Even throughout the festive season, David stuck to his new routine until January 2013 when he first weighed himself.
'I was still convinced that the internet food diary was not working. However, when I weighed myself the scales told me that I had lost 10lbs since I'd started the food diary,' he said.
'It was an amazing moment because I'd finally found a method that worked.'
David said he initially found it challenging to up his intake because he had been conditioned into thinking eating as little as possible would result in weighing less.

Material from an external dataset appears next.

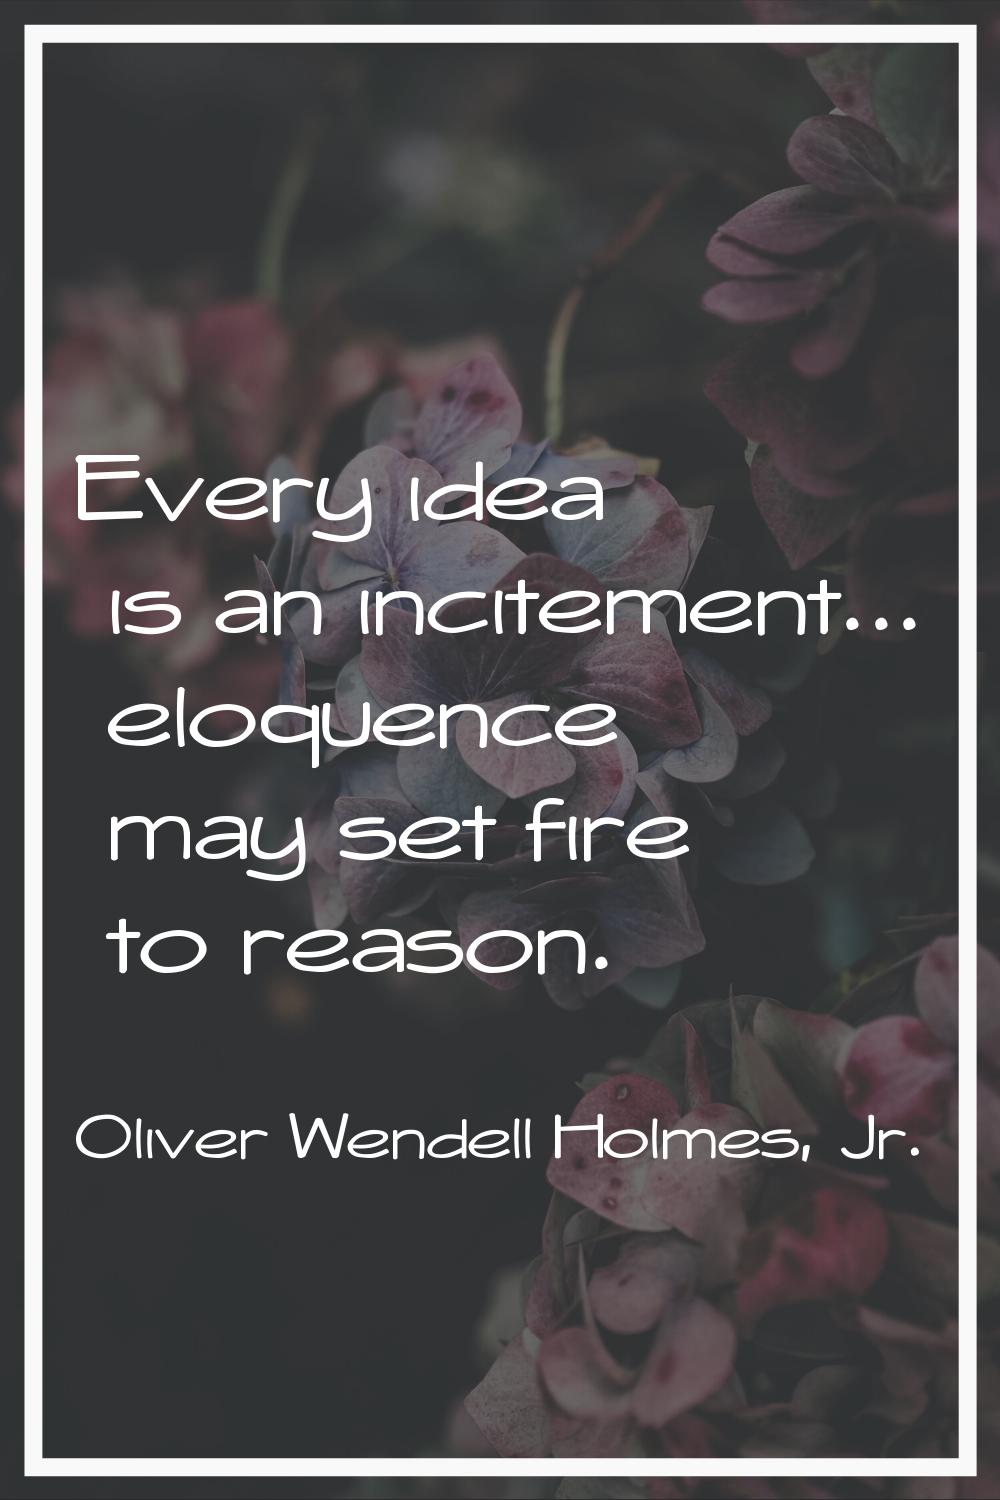 Every idea is an incitement... eloquence may set fire to reason.

'Once I broke that cycle and started eating a proper diet and stopped listening to bullies who knew nothing about diet and nutrition, that was when I lost weight because my body was no longer in starvation mode - it was using the food as fuel,' he said.

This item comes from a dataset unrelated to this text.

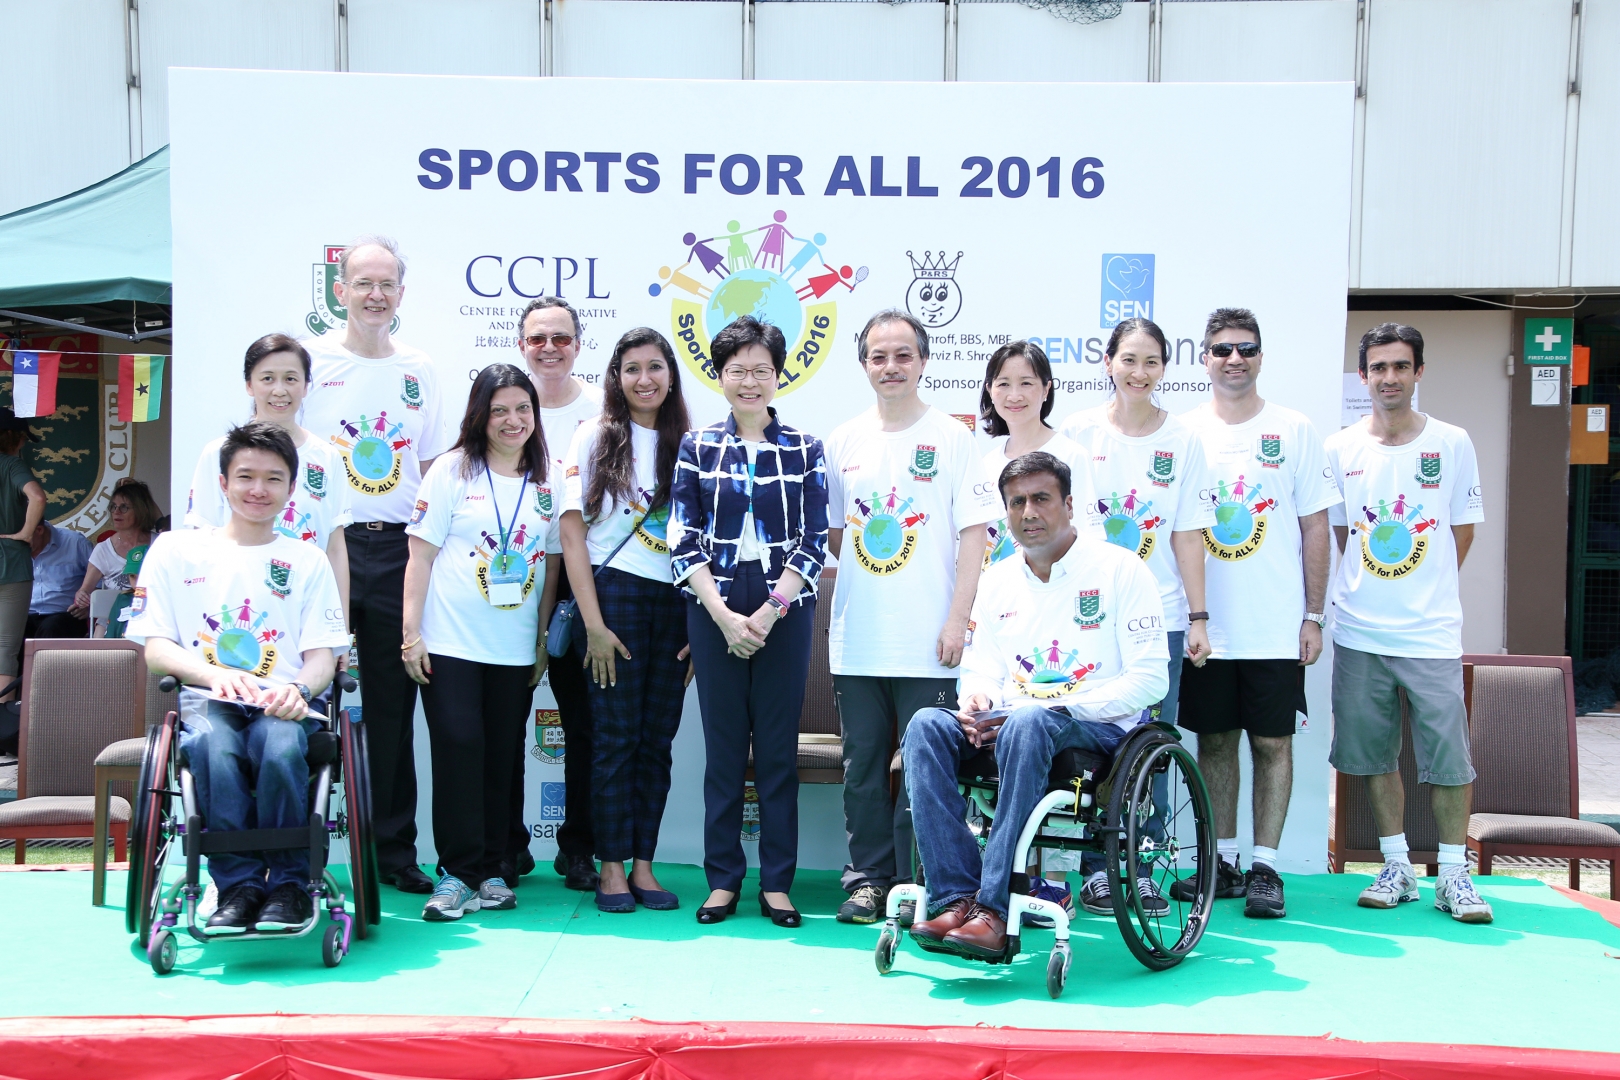 Sports for All 2016 - Children's sports day

Looking back, David said he noticed he would drop a few kilos after special occasions when he would allow himself to indulge.
'When I wasn't eating enough, I would lose weight on holiday such as Christmas or Easter or around my birthday because I would think 'go on treat yourself' so I would eat more,' he said.
'Not necessarily healthy food but food nonetheless and my body would start burning the calories rather than storing them.
'Once the holiday was over, I would go back to not eating enough because I was guilt-tripping about the food I had eaten and was thinking that I had put weight on when I hadn't.'
After two years of learning to fuel his body with food combined with a varied exercise routine, David dropped down to 14 stone 7lbs and has been able to maintain his figure and healthy habits ever since.
He hits the gym five times a week and spends half an hour on the treadmill and 30 minutes on the cross trainer on top of weight training.
Outside the gym, he makes sure to get in 10,000 steps a day.
On an average day, David would have porridge with protein powder for breakfast and a lunch of cheese on toast.
For dinner, he has chicken or fish with potatoes and salad or mixed vegetables and has no qualms about snacking on cake, biscuits and chocolate occasionally.
The gym junkie also enjoys treating himself to a meal at the pub and doesn't let the extra calories worry him.
'On a day like that I will do 50 minutes on the treadmill and 50 minutes on cross trainer and weight training,' he said adding: 'Enjoy your food and don't feel guilty about eating it.'
For others trying to adopt healthier habits, David recommends putting a good playlist together to make gym sessions more enjoyable.
'Make sure you calibrate the cardio machines at the gym with your correct weight, that way they'll correctly show the number of calories you are burning,' he suggested.
He is now setting himself up as a freelance personal trainer in Nuneaton under the name David Smith Fitness Training.
David hopes he can help people like him who struggle to lose weight and stay healthy.